Before she was on City Council, Santiago-Romero was the so-called “diversity coordinator” at Grand Circus, a so-called “boot camp” for software developers, where she did her part to keep the enrollment of blacks and Latinos as low as possible. She has given excuses for this, but never on the record.
And now on City Council, she’s giving cover to the fraud of Detroit at Work, an organization that supposedly helps Detroiters get jobs, but strictly reserves software developer job opportunities for white male clients, and forbids them to women, black and Latino clients.
The most galling example of Santiago-Romero’s grandstanding and deceitfulness is the $5 million contract to Motorola for license plate readers. It is true that she voted against it, and she had legitimate reasons to oppose it. But her opposition was deliberately ineffectual, she made no effort whatsoever to convince the other councilmembers to vote against it with her. Or maybe she did, but then what reason is there for her to block my FOIA request on this specific matter? Other than her arrogance, none.

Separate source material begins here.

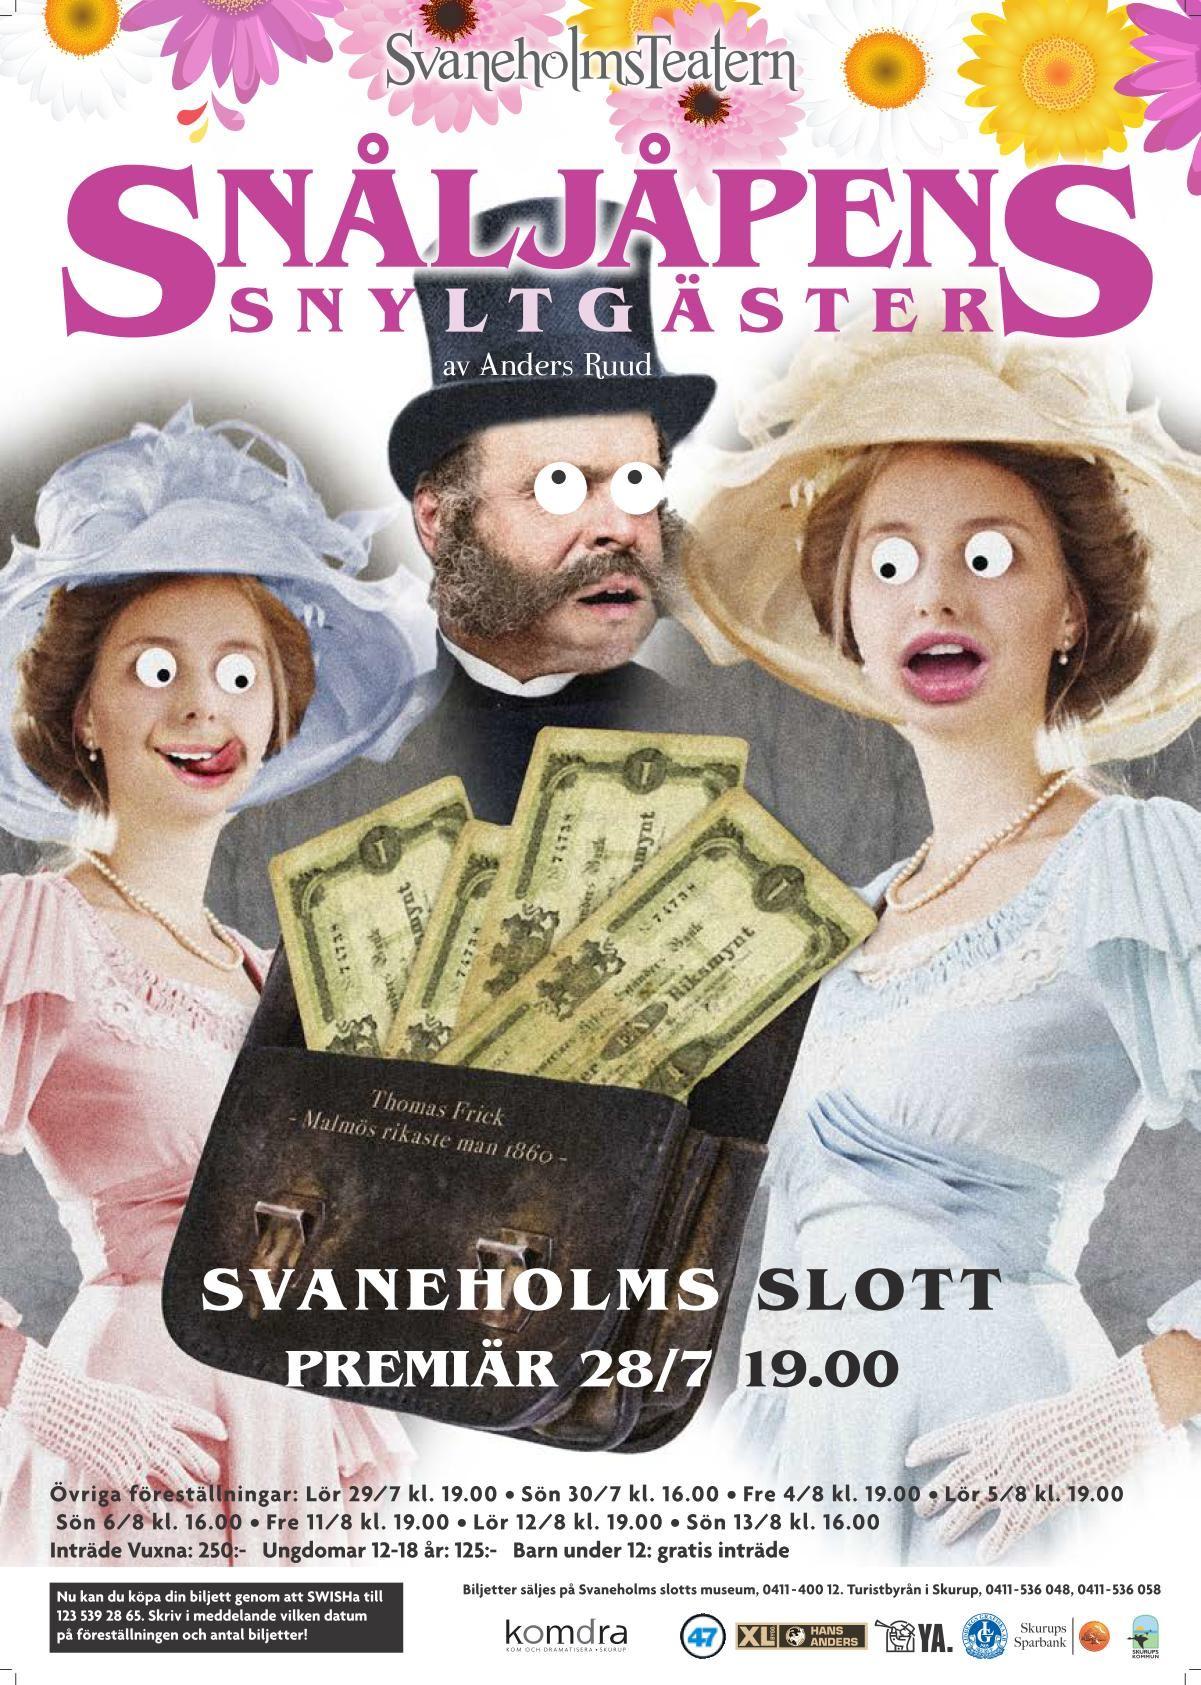 Svaneholmsteatern ger Snåljåpens snyltgäster

I’ve been told, but I have not been able to verify, that some other council members asked Motorola that Detroit’s license plate reader data not be shared with any law enforcement agency other than the Detroit Police Department, and Motorola agreed. Which would mean that everything Santiago-Romero said about this on the record was pure grandstanding for the cameras.

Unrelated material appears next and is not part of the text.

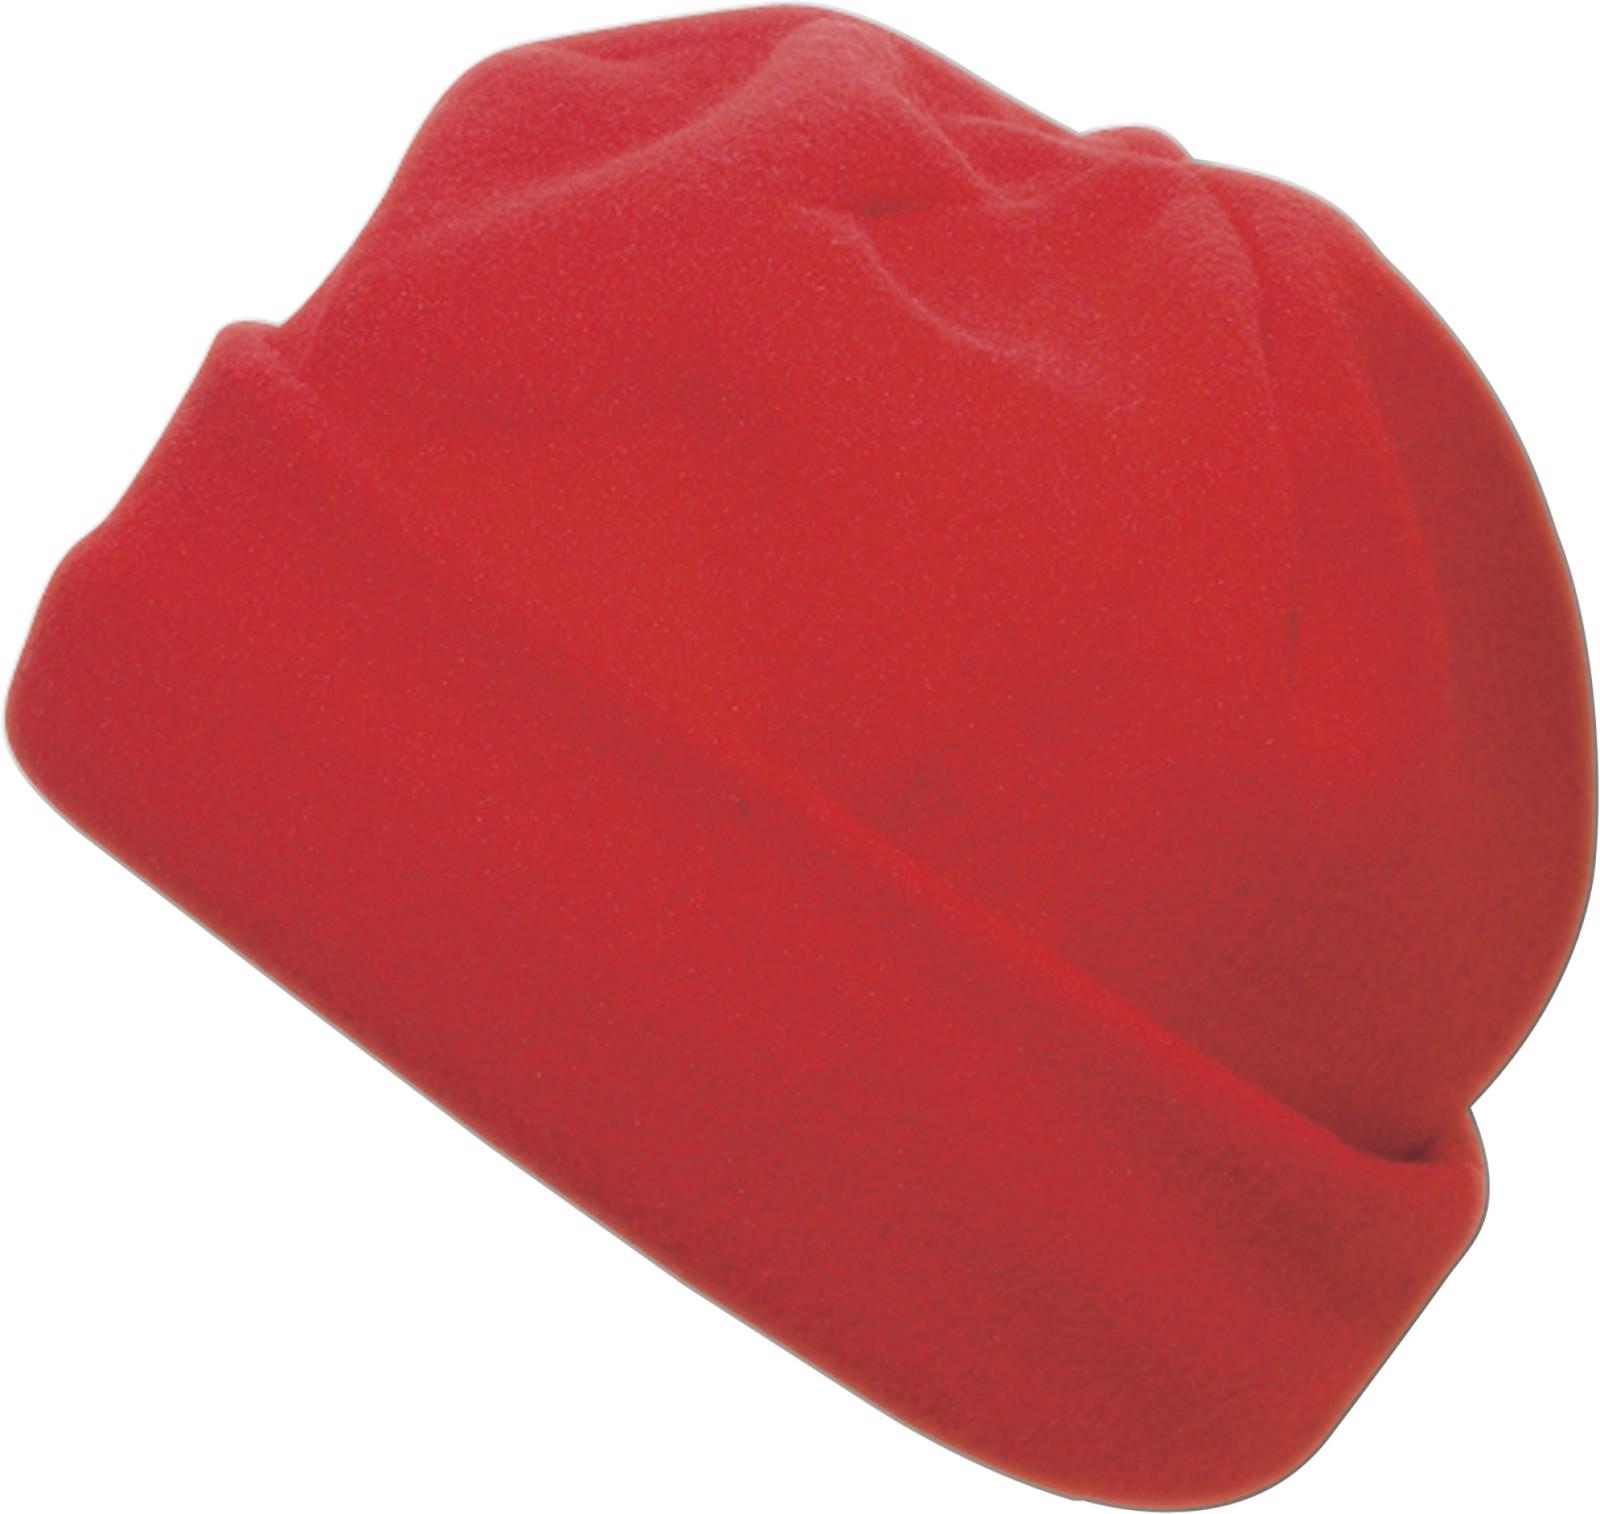 Polyester fleece (200 gr/m²) beanie - Red

I could have done the license plate reader contract for $1 million. I know an American-born Mexican woman, call her “Lisa Perez,” who is a genius at optical character recognition programs. A team with her and a couple other people, like maybe people who attend Black Tech Saturdays events, would have been able to deliver a license plate reader program that ensures that only Detroit Police can access the license plate data, and not Border Patrol nor any other entities.

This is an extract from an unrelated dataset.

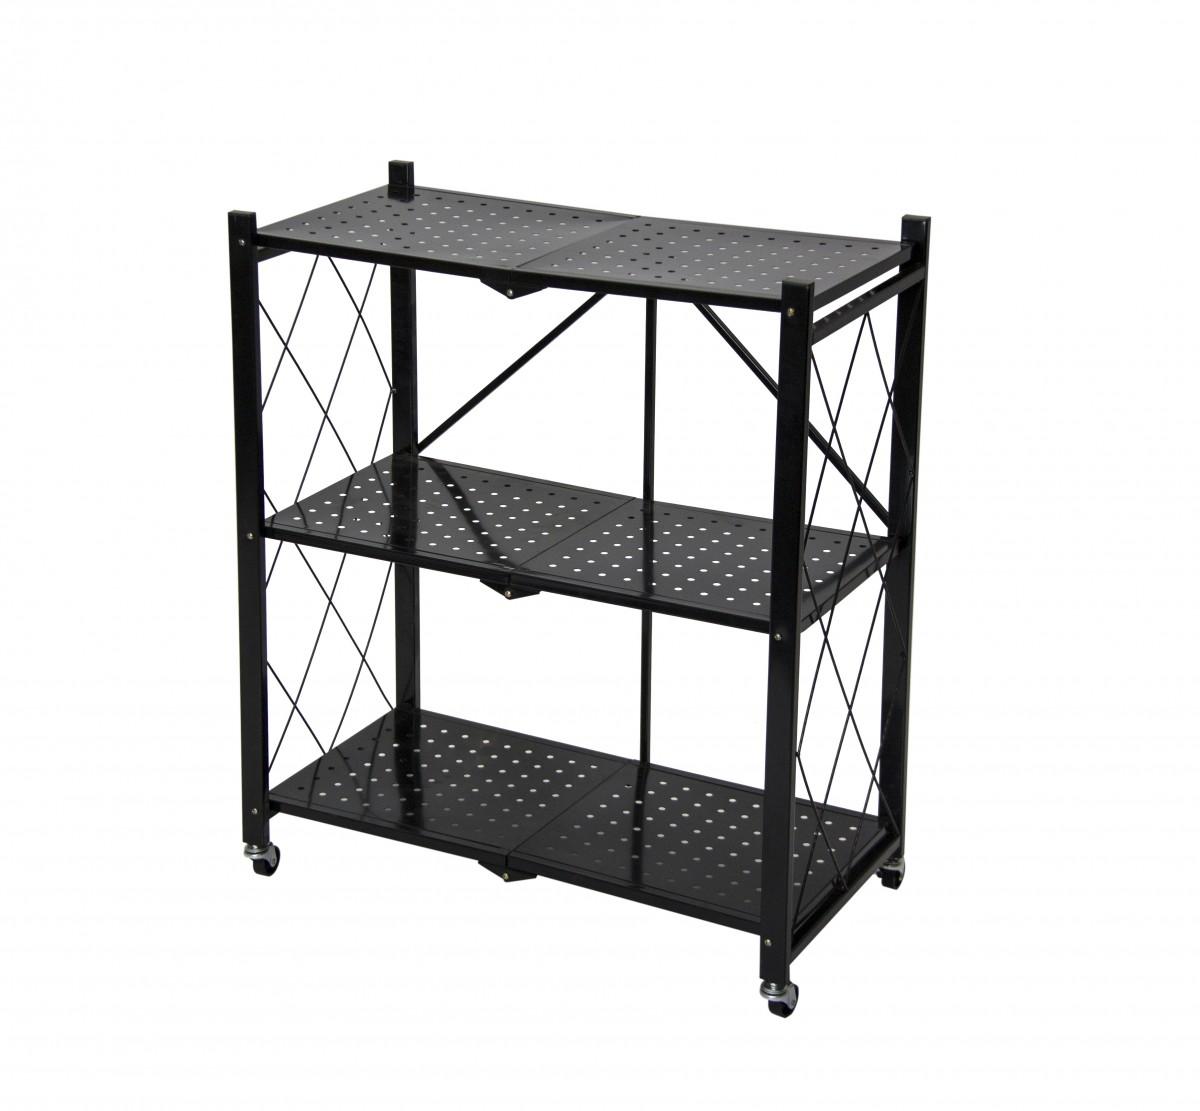 Fine Living Foldable Storage Rack-Black Metal 3 La

Well, Lisa Perez has decided to go live in Mexico. It’s mostly because of the federal government here. She doesn’t want to hide in an attic and write a diary like Anne Frank. But even if that wasn’t a factor, what enticement or encouragement is there for Lisa Perez to stay in Detroit? Certainly none from Gabriela Santiago-Romero, who says with her actions and inactions that Lisa Perez’s skills as a software developer are worthless and unimportant.
By the way, Santiago-Romero is safe from recall. I honestly thought the limitation on recalls was the last six months of an official’s term and the first six. That’s what I thought when I filed a petition last month to have her recalled for embezzling taxpayer money to fund the creation and distribution of her re-election campaign materials in December of last year.
But it’s actually a full year, so the Wayne County Election Commission was spared having to put on the charade of rejecting my recall petition for “lack of clarity.” The other reason to reject a recall petition is for not being factual, but the commission don’t like to use that reason because facts are much easier to argue in court than a supposed lack of clarity.
None of the other council members have replied to the change.org petition as of yet. But I’m a lot more willing to cut them slack because they’re not the ones who have explicitly refused to listen to me for the past four years. Santiago-Romero has decided that she’s way too important, and that I, one of her constituents, is not important at all.
But now let’s see if she has the guts to tell Black Tech Saturdays and however many people sign the change.org petition that she’s too busy and too important to bother at least saying a few empty platitudes.
Please sign the change.org petition. Hopefully the other councilmembers will agree. We can get this done without Santiago-Romero.